T.S.Blyth in his book Module Theory: An Approach to Linear Algebra defined multiplication on the tensor algebra $\bigotimes M = \bigoplus_{n \in \mathbb{N}}\bigotimes^n M$ by first defining it for pure tensors:
$$1_R(x_1\otimes … \otimes x_n) = x_1\otimes … \otimes x_n = (x_1\otimes … \otimes x_n)1_R$$
and
$$(x_1\otimes … \otimes x_n)(y_1\otimes … \otimes y_m) = x_1\otimes … \otimes x_n \otimes y_1 \otimes … \otimes y_m ~ ,$$
where $$x_1\otimes … \otimes x_n \in \bigotimes^n M ~~ \text{and} ~~ y_1\otimes … \otimes y_m \in \bigotimes^m M~.$$ He then says that it is possible to extend this definition to multiply arbitrary elements $\bigotimes^n M$ and $\bigotimes^m M$ since every elements of $\bigotimes^n M$ is a linear combination of pure tensors and the same is true for elements of $\bigotimes^m M$. This, is $x = \sum_i r_ix_i$ and $y = \sum_i s_iy_i$ where $x_i \in \bigotimes^n M$ and $y_i \in \bigotimes^m M$ are pure tensors, that $xy = \sum_{i,j} (r_is_j)(x_iy_j)$ is well-defined, that is, it doesn't depend on the choice of linear combinations of $x$ and $y$. However, the latter is not clear to me.
How to prove that is $$\sum_i r_ix_i = \sum_i r'_ix'_i ~~ \text{and} ~~ \sum_i s_iy_i = \sum_i s'_iy'_i, $$
then
$$\sum_{i,j} (r_is_j)(x_iy_j) = \sum_{i,j} (r'_is'_j)(x'_iy'_j)$$
where $x_i,x'_i \in \bigotimes^n M$ and $y_i,y'_i \in \bigotimes^m M$ are pure tensors?
Best Answer
The multiplication map is just a collection of minor reinterpretations of the tensor maps that are already attached to the tensor products.
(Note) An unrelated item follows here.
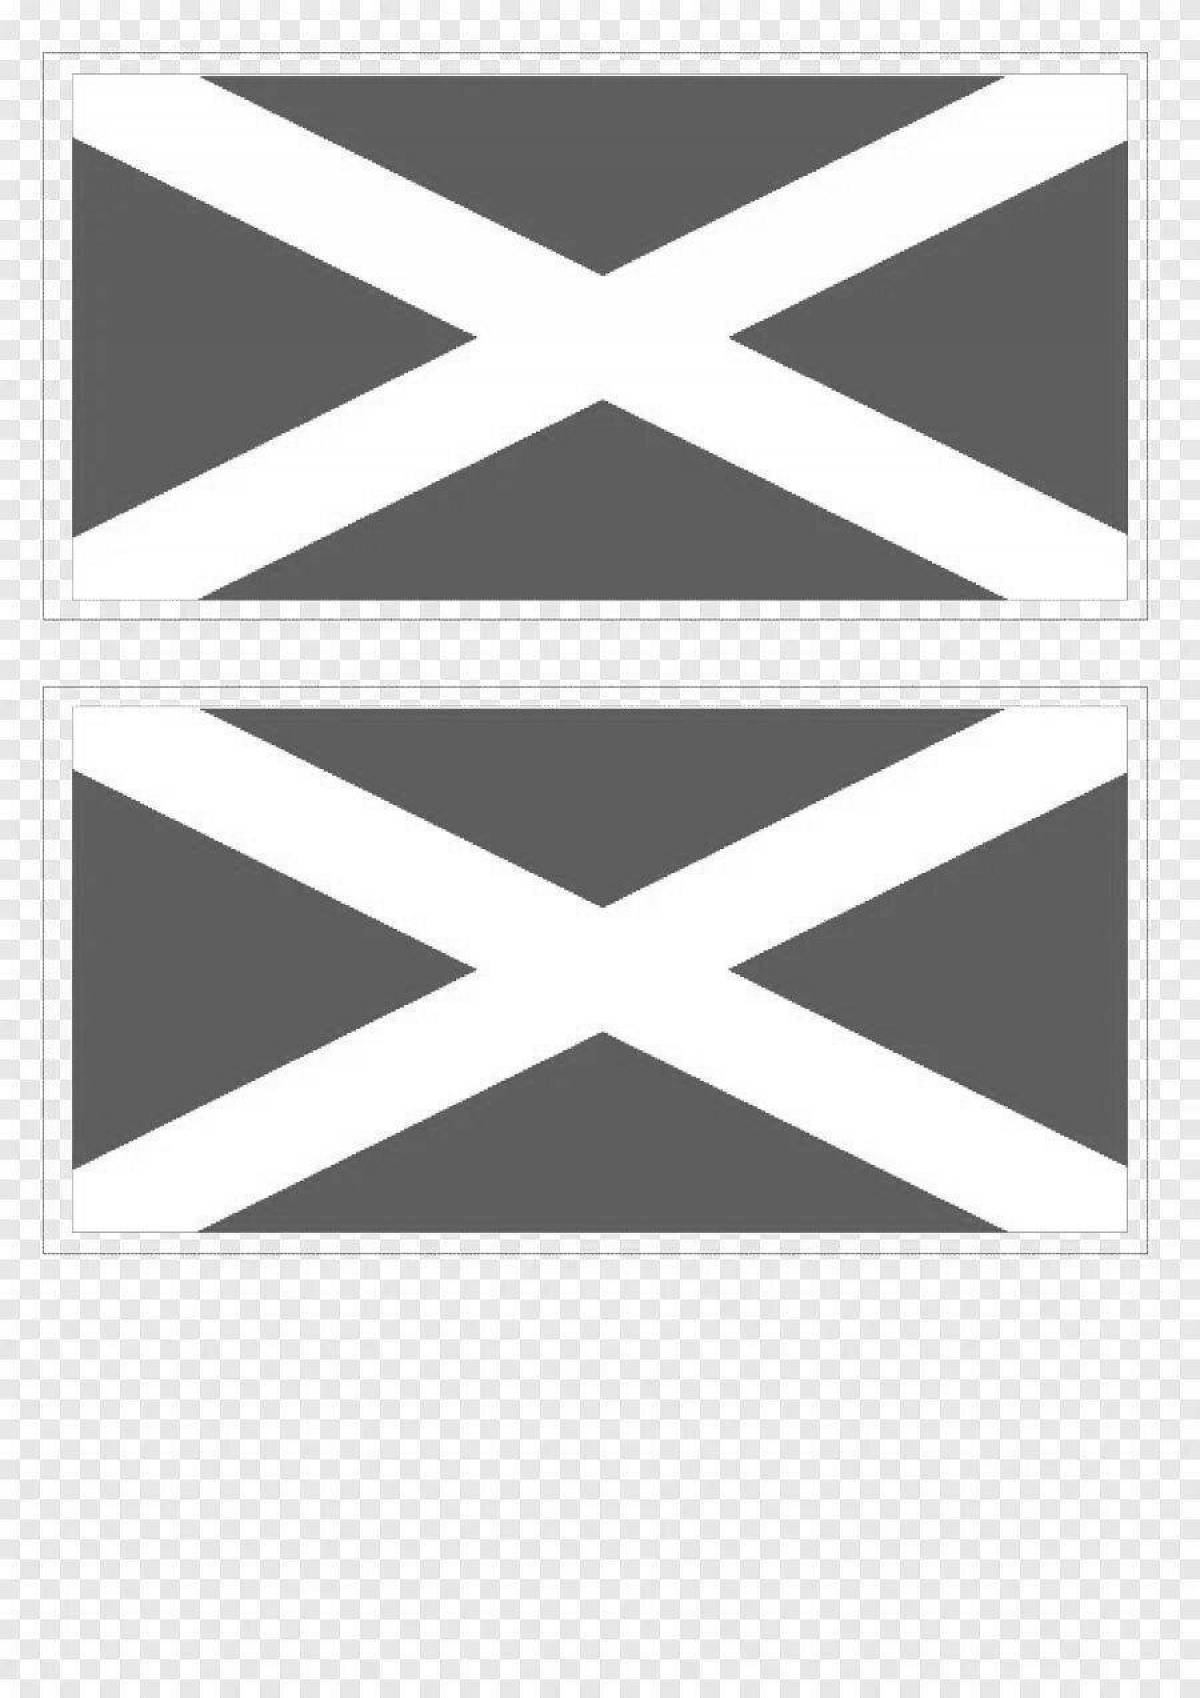 Exquisite scotland flag coloring page

The tensor map $$\bigotimes^n M × \bigotimes^m M → \bigotimes^n M \otimes \bigotimes^m M, (x,y) ↦ x \otimes y$$ is well-defined $A$-bilinear, thus by associativity of the tensor product, it defines a well-defined map $$\bigotimes^n M × \bigotimes^m M → \bigotimes^{n+m} M,$$ which exactly is the multiplication of tensors of degree $n$ and $m$.
Using the universal property of direct summands and inclusions $\bigotimes^{n+m} M → \bigotimes M$, we can put all these maps together to give the multiplication $$\bigotimes M × \bigotimes M → \bigotimes M.$$
For any three $A$-modules $M_1, M_2, M_3$, there is an associator map $$(M_1 \otimes M_2) \otimes M_3 → M_1 \otimes (M_2 \otimes M_3),~(x\otimes y) \otimes z ↦ x \otimes (y \otimes z)$$ which is an isomorphism. Whether you define $\bigotimes^n M$
these associator maps are the building blocks to define natural isomorphisms for all versions of $l$-ary tensor products. In particular $\bigotimes^n M \otimes \bigotimes^m M = \bigotimes^{n+m} M$, canonically.
To actually formally prove this, we would either directly dig through inductions and calculations about very formal statements or device some simple formal machinery to manage these inductions and calculations more easily.
But nobody does that. Usually, one just sees that associativity as we know it holds and carries on.